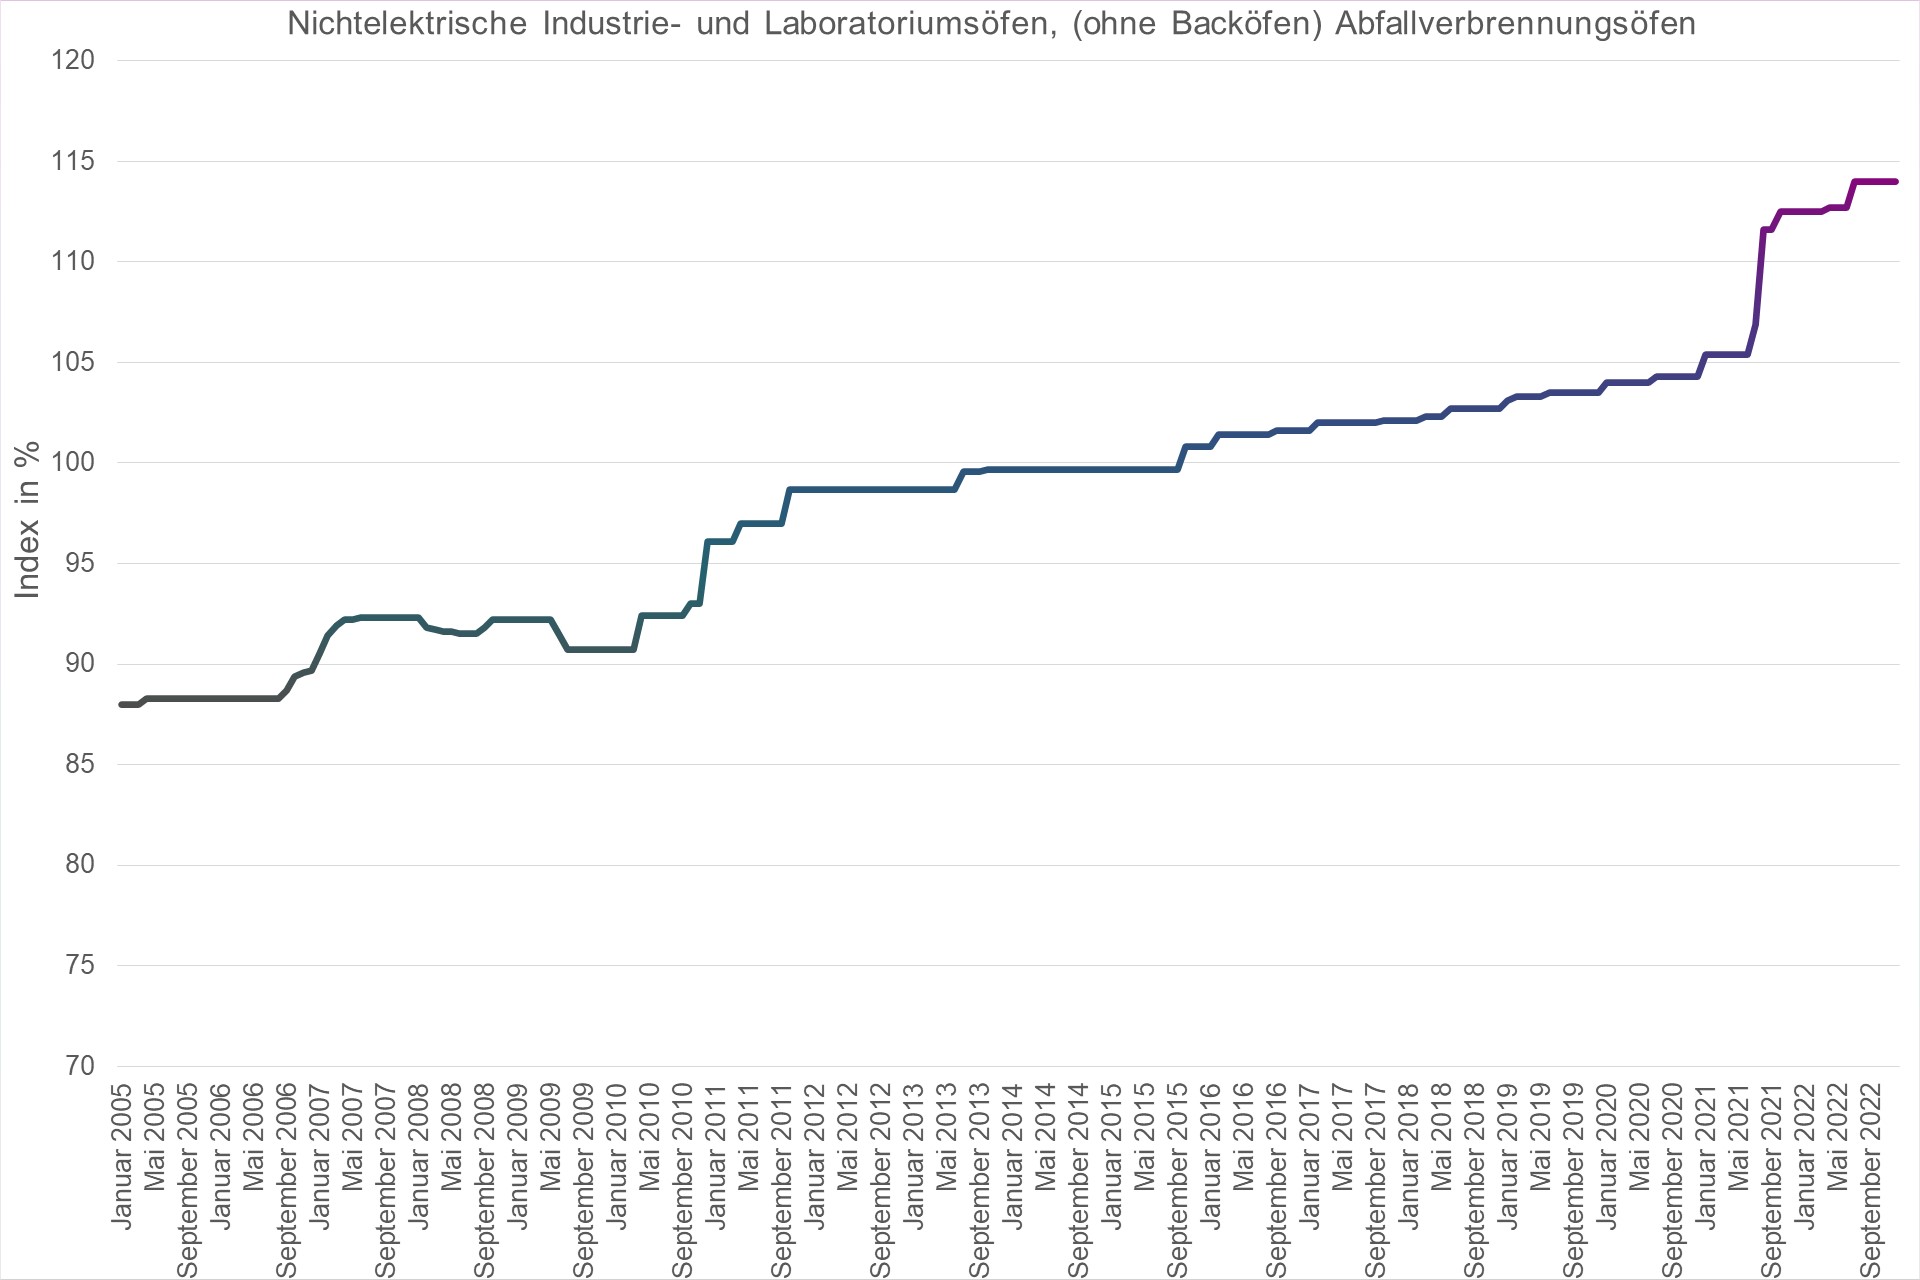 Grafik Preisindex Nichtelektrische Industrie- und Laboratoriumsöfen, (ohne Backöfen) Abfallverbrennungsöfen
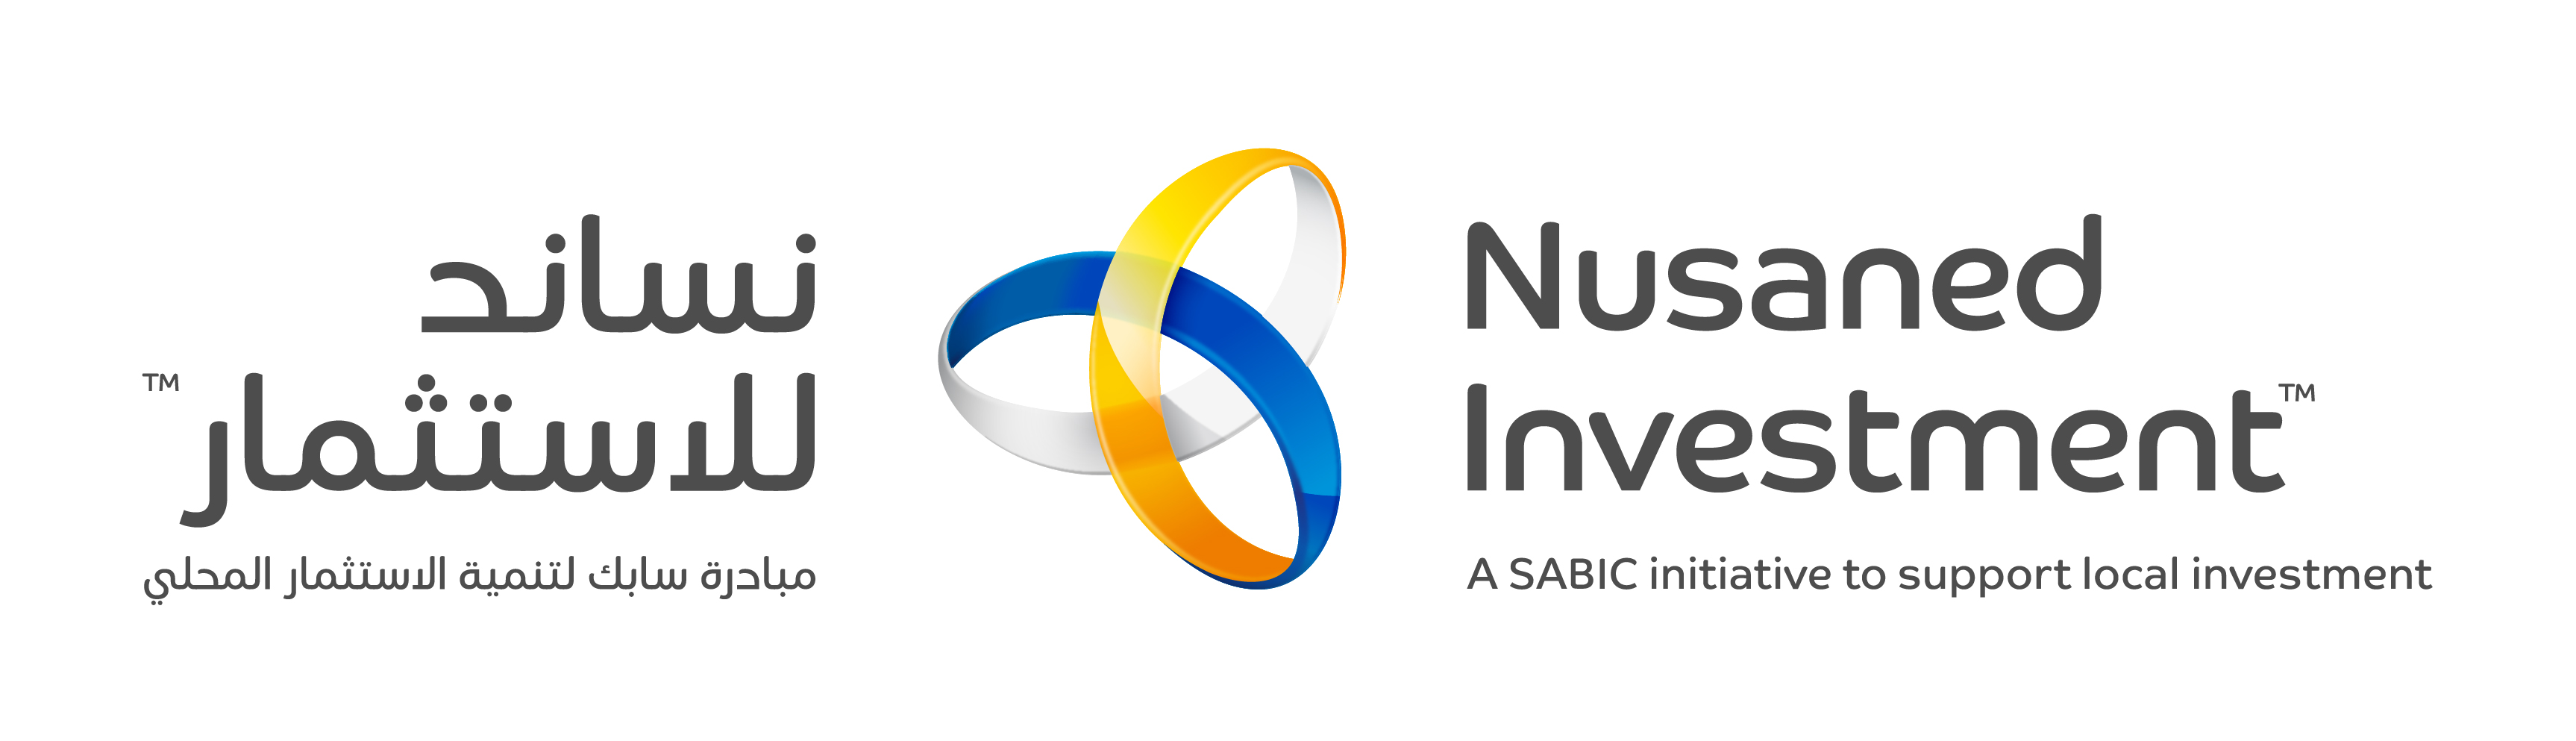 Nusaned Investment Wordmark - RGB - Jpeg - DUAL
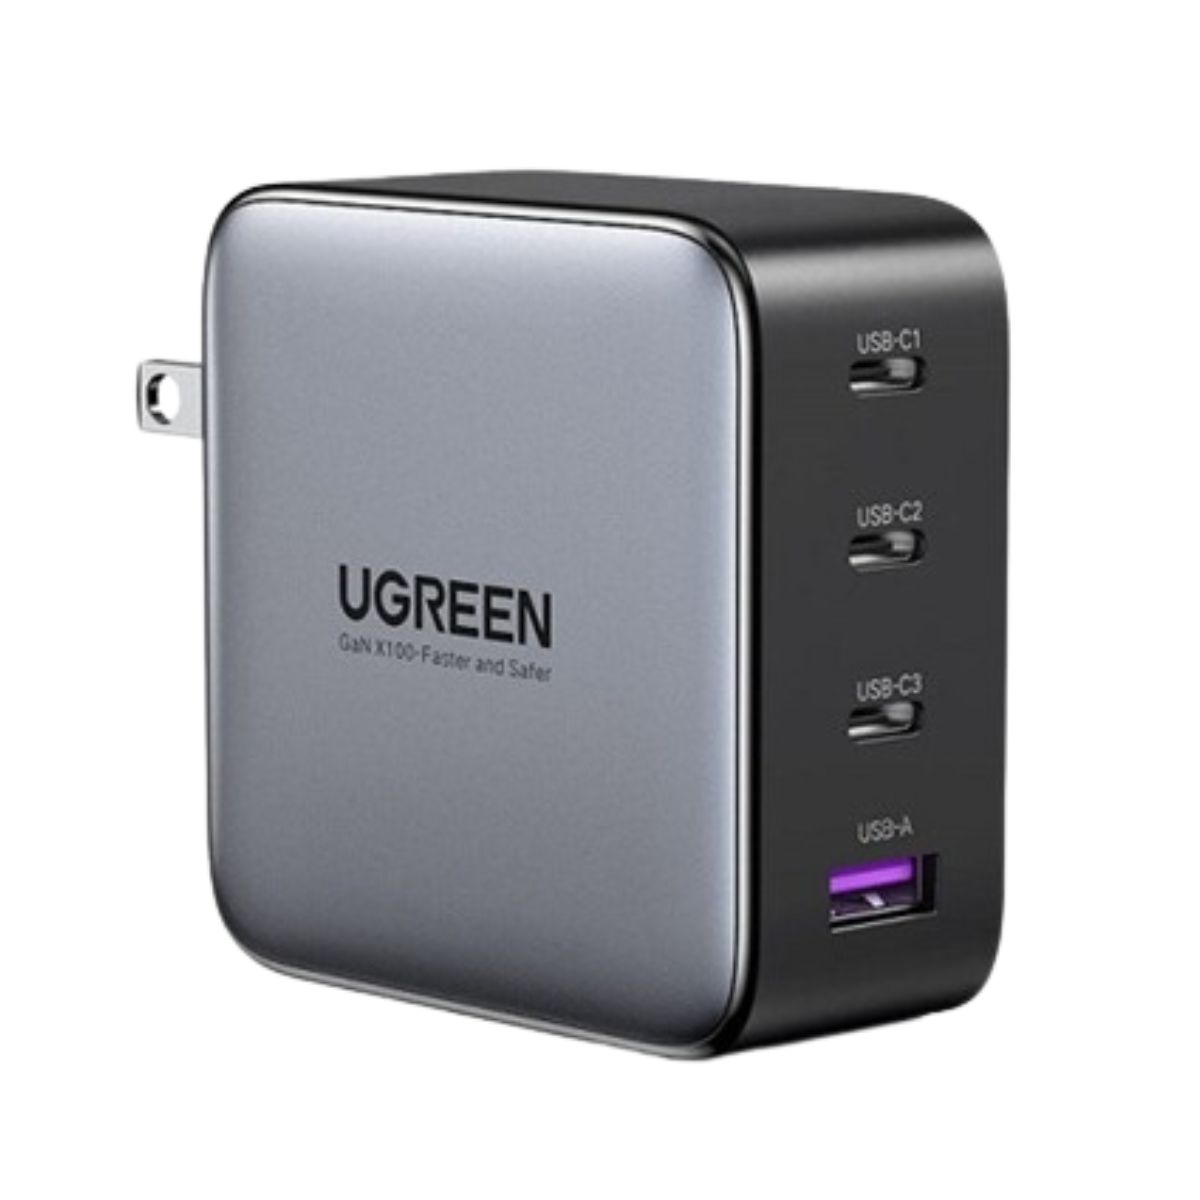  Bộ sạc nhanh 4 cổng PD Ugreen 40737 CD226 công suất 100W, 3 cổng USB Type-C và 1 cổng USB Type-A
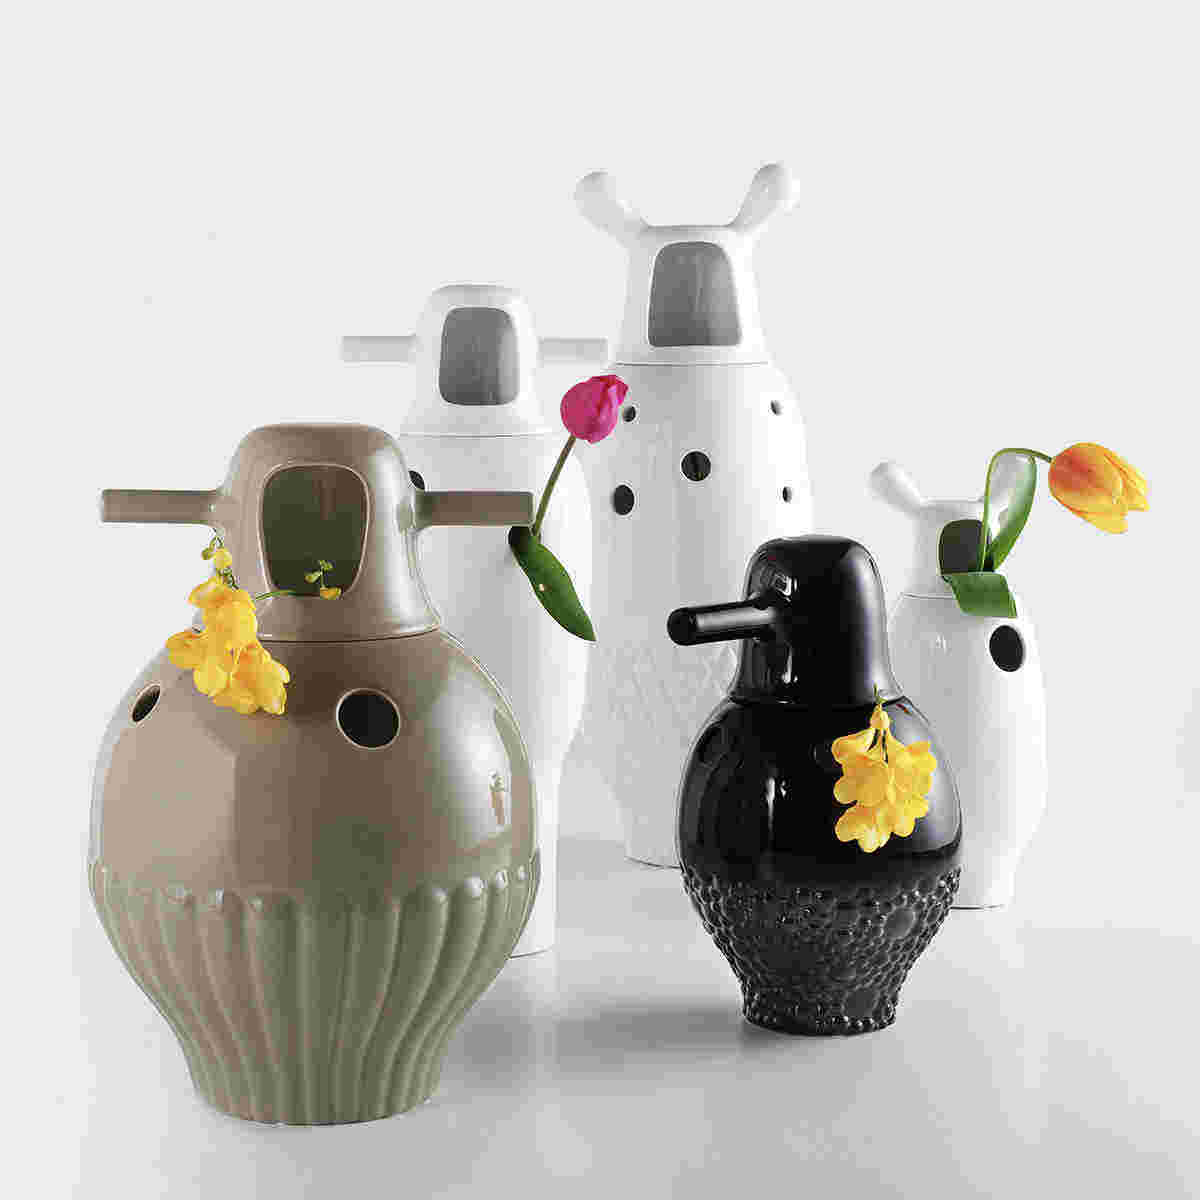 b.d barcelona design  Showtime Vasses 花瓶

TASK REQUIREMENTS: Return each line above exactly; any pictures are to be skipped.

WRITTEN REPLY:
 Grafik Preisindex Nichtelektrische Industrie- und Laboratoriumsöfen, (ohne Backöfen) Abfallverbrennungsöfen
 Nusaned Investment Wordmark - RGB - Jpeg - DUAL
  Bộ sạc nhanh 4 cổng PD Ugreen 40737 CD226 công suất 100W, 3 cổng USB Type-C và 1 cổng USB Type-A
 b.d barcelona design  Showtime Vasses 花瓶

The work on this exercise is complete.